Some who join the community bring back-alley practices that truly threaten further adoption by legitimate users who must trust the system before they will expose themselves and their businesses further. If the open model can't ensure security -- and piling on endless box-based devices is surely not the answer -- then a fundamental fork in the road will appear, and many who could build on the public Net may to bypass it with their own private networks. And that will limit the benefits to all users.

Monday, June 06, 2005

Does Technology Make Us Happy?

Thanks to the several people who commented on my first posting this year (I am still trying to retrieve my archive, sorry). I agree with mostly with 'ric' but I want to discuss this in a social context.

Technologists, businesspeople, and most politicians assume so, celebrating its ability to improve our persons, experiences, and material circumstances. And ordinary human behavior seems to answer the question: if technology doesn’t make us happy, why do we spend so much time, effort and money developing and buying all the stuff? I get a lot of this at work ...

But the answer is not so simple, as James Surowiecki explains in “Technology and Happiness.” People are irrational about what will promote their well-being, and they arena’t very good at anticipating their future preferences. Considering how many decisions about choosing new technologies are based on little (or even erroneous) information, perhaps we sometimes get stuck with technologies that don’t make us happy.

The social sciences have been nearly silent on the subject and more frequently economists have turned their attention to the question of the complex relationship between wealth and happiness. Some of their insights can also be usefully applied to technology.

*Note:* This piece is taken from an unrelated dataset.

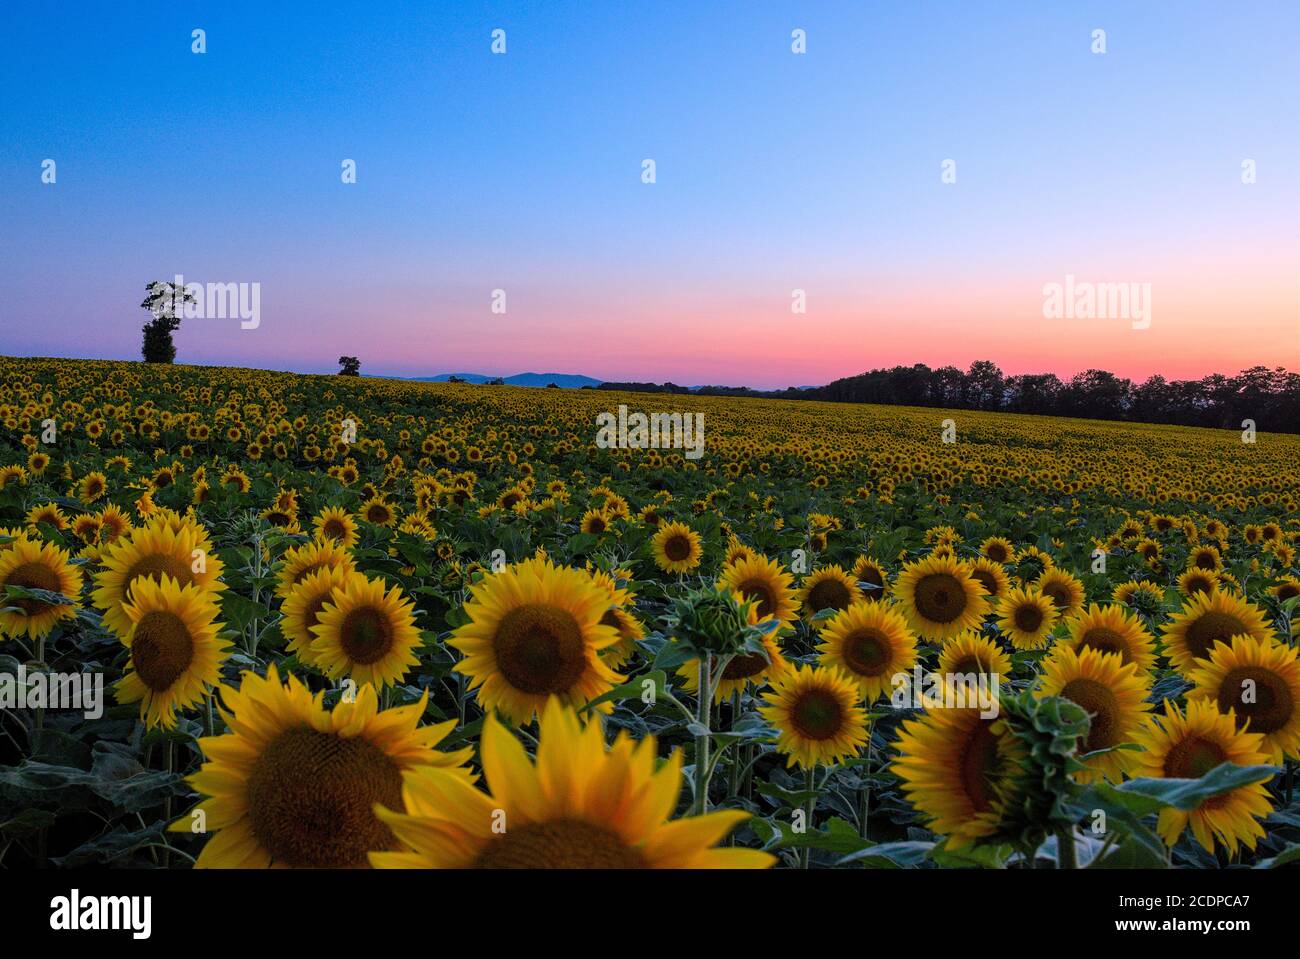 Sonnenblumenfeld bei abendlichen Gegenlicht 3 Foto Stock

Despite the fantastic increase in the prosperity since the 40's, most people are no happier today than they were in then (check Google for 'happiness surveys'). Indeed, according to social scientists, the numbers of Americans who say they are “very happy” has actually fallen since the 1970s, even while the average income of someone born in 1940 has increased 116 percent. I live in Basel, Switzerland, and it seems to be the same here.

It turns out that when everyone’s income swells, people’s subjective sense of what they minimally require to be happy inflates, too.

Cognitive psychologists call this “hedonic adaptation”, a term I picked up at CMU — and it works for technology as well. We become desensitized to our good fortune. When international telephone calls, jet travel, or wireless broadband while I'm sick at home first appeared, they were wonderful things that seem to clearly make our lives better, but as their price fell and they became commonly available, they quickly seemed quotidian. In no time at all, we were irritated when they did not work perfectly.

So are we happier for new technologies? In one sense, you betcha! In another sense, notta. Happiness economists have shown that there is a kind of decreasing return to increasing income. Except for the very wealthy (the Forbes 400 consistently report that they are very cheerful indeed), people who strive ardently to become richer don’t report any significant increase in well-being. Some happiness economists suggest that 'inconspicuous consumption — that is, investment in health, family, or your community — tends to have a better return in happiness than buying bigger cars or a chalet in the mountains.

It is the same with new technologies. Purchasing lots of the latest gadgets is unsatisfying: you know that in a few months there will be new, improved versions of the things. Ask my girlfriend, Nadine, about her 'maximizer' boyfriend.

But some technology consumption is less conspicuous. Internet technologies like search or social networking are informational and affective networks that expand our knowledge and relationships. They’re the better buy.